The Brooklyn community lay in what is now Second Ward, an area of Charlotte that was geographically lower than the other four wards, and for sewage and sanitation purposes, made living there hazardous. An 1892 Charlotte Townships map identified the area as “Logtown.” After emancipation, the area drew recently emancipated slaves. The community’s Black population continued to grow throughout the nineteenth-century and was “solidly black except for Trade, Tryon, College, and parts of Fourth Street,” when the first racially patterned map of Charlotte was drawn in 1917.1 At the same time, Logtown gave way to Brooklyn; a name that would become synonymous with the Black community until urban renewal.
In its heyday, Brooklyn was a thriving Black business center; “an African American city-within-the-city, complete with its own downtown.”2 While the socio-economic level of residents spanned from shanty housing, like Blue Heaven, to the homes of Charlotte’s Black professionals, the community marked many “firsts” for Charlotte’s Black residents. Built in 1886, the Myers Street School was Charlotte’s first Black public school, operating until 1907 when the original building closed.3 The school was the first Black grade school in the county and families flocked to Brooklyn for their children to receive an education and because segregation had begun to push Black residents out of other communities.4 The community was also home to Second Ward High School, the city’s only Black high school which served the community from 1923 to 1969. The community contained the city’s Black YMCA and library. The Brevard Street Library opened two years after the Carnegie Library refused to admit Black patrons. The Brevard Street location served as its “colored branch” and was the first free library for Black patrons in the state of North Carolina.5 The A.M.E. Zion Publishing House, also located in Brooklyn, published all printed materials for the A.M.E. Zion denomination in America and issued its monthly newspaper. The publishing house was one of the few Black owned businesses where black men could be employed and trained in a white collar profession.6
The Mecklenburg Investment Company Building still remains on Brevard Street. The building was financed by Black professionals in 1921 to provide the first office building open to Black professionals. The building’s third floor lodge hall was often used as a meeting place for Black civic groups and the building itself is a testament to Charlotte’s Black professional class. Its architect and builder, W. W. Smith designed the building’s signature yellow and red patterned brickwork.7
Mecklenburg Investment Company Building (Photo from Charlotte-Mecklenburg Historic Landmarks Commission)

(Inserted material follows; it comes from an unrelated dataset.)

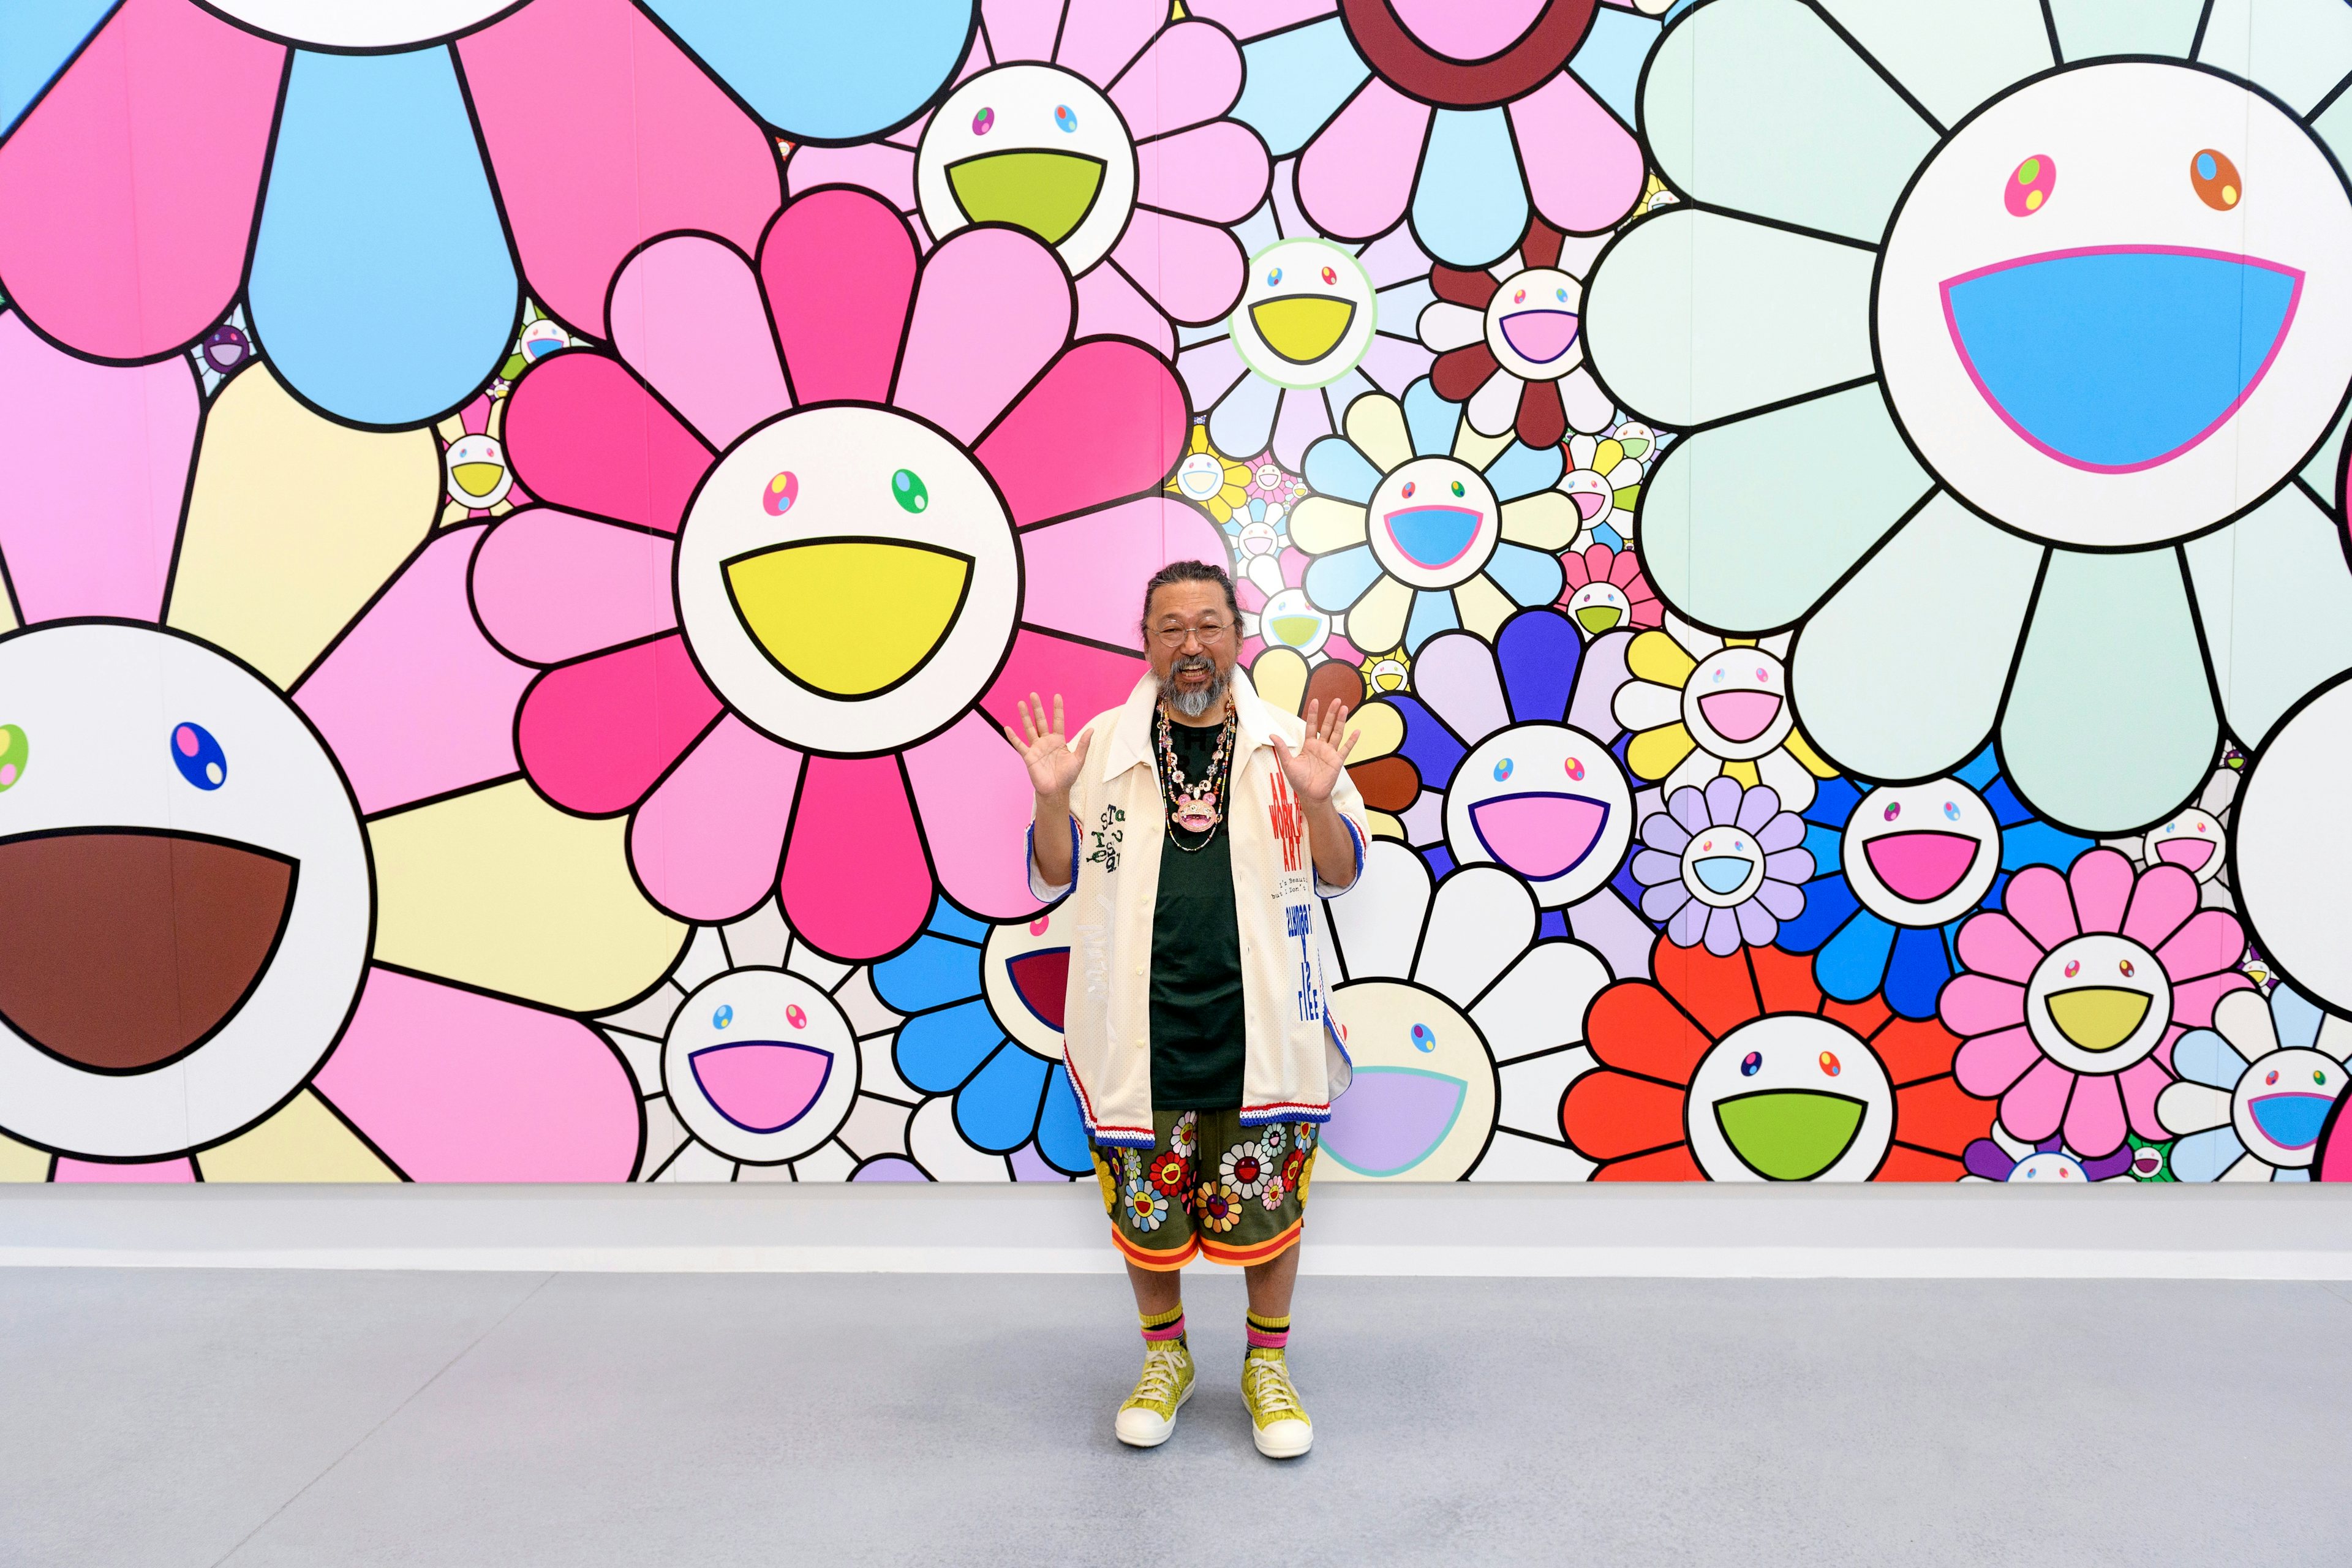 Takashi Murakami is responsible for a new postmodern art movement called “Superflat,” inspired by the 2D images seen in manga and anime. Image: Kristy Sparow/Getty Images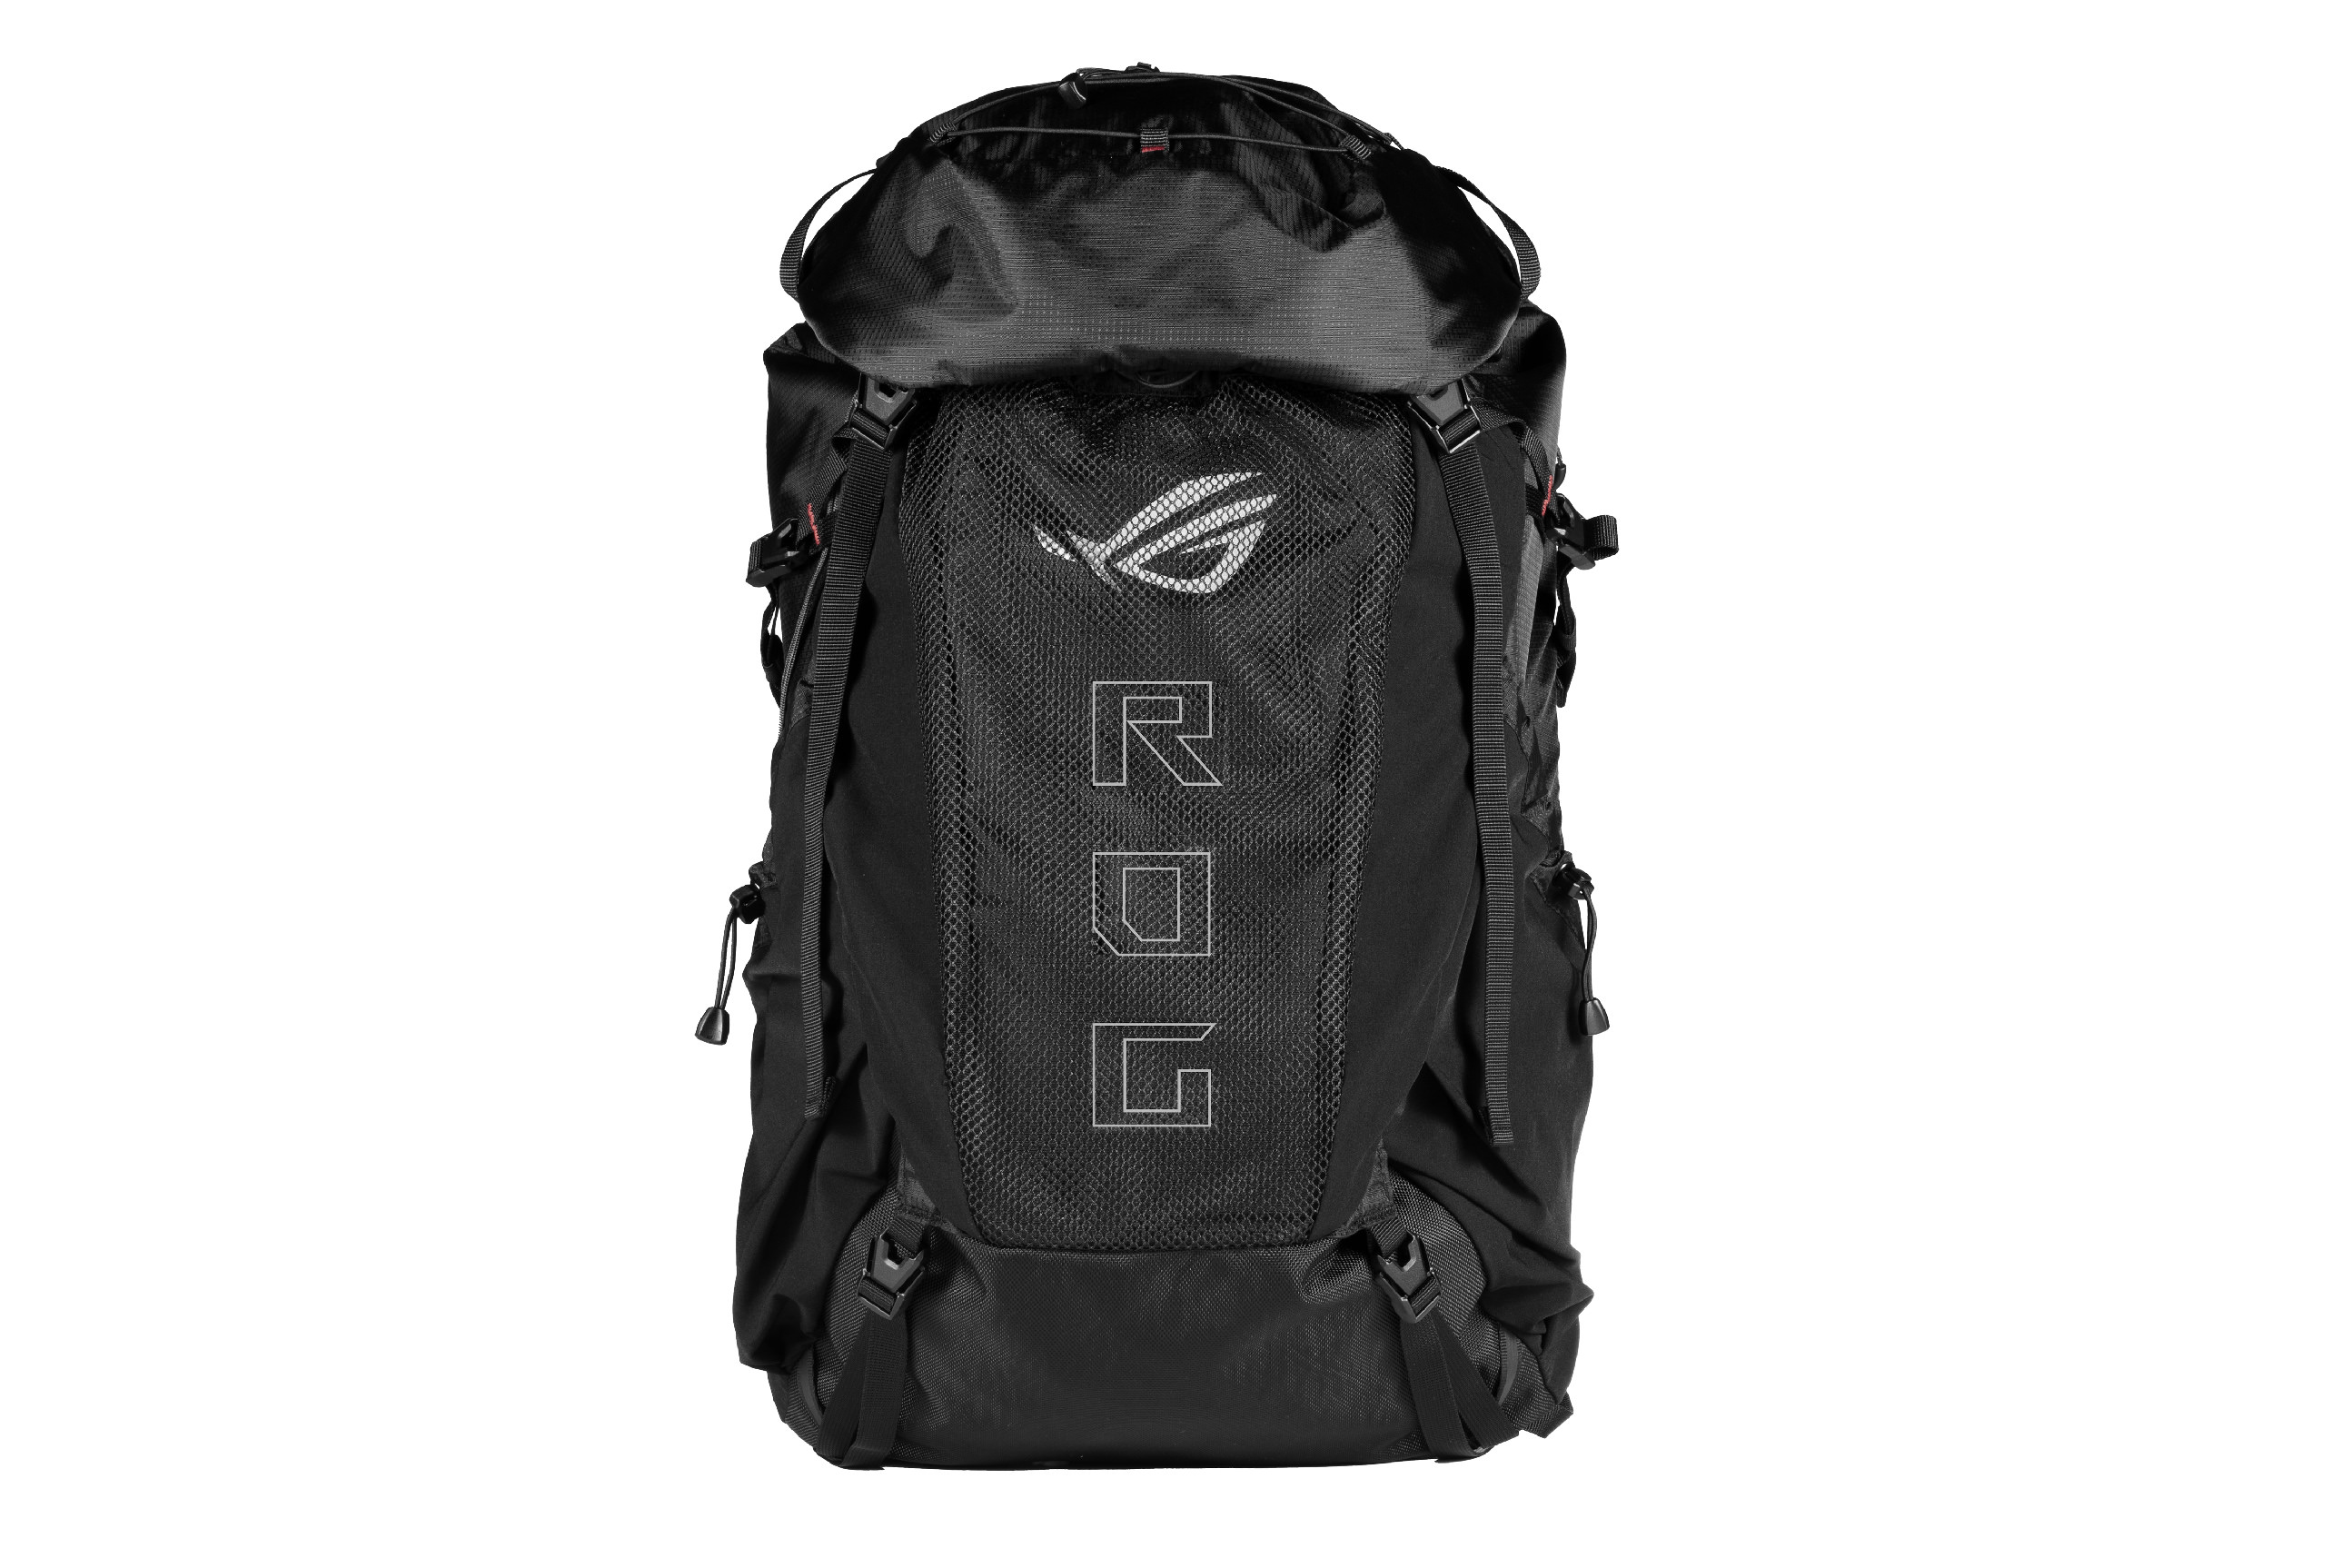 rog_archer_ergoair_gaming_backpack_product_photo_01

Aside from being a commercial center for the Black community, some of the most distinguished Black Charlotteans lived in the neighborhood. J.T. Williams was a business, medical, and political leader who built an elegant home on Brevard Street. He was appointed U.S. Consul to Sierra Leone under President McKinley, and served from 1898 to 1907.8
Hanchett suggests that what made Brooklyn a community was the creation of Charlotte’s Black main street after 1900. Political disenfranchisement led black citizens to turn to economic development within the Black population, taking the advice of turn of the century Black leaders, the community sought to cater to the needs of its own race and supply the daily necessities and trades their community needed.9 And more businesses flooded in as high rent prices drove them out of white neighborhoods. During the late 1930s and throughout the 1940s, federal programs made mortgages available and developers began erecting housing in the west side of Charlotte to sale to Black Charlotteans. These effects purged some of the Brooklyn community, who headed west with the building of West Charlotte High School; a new facility that would be open to Black people.10 Further detrimental to the community was the building of Independence Boulevard which cut a “long gash” through Brooklyn, exposing blighted areas of the worst sections of the neighborhood. Ordinary citizens were alerted to the problems of these slums at about the same time the federal government began providing money for demolition projects.11 Sadly, when the city’s new zoning plan was announced in 1947, all of Brooklyn received a new label; “industrial”.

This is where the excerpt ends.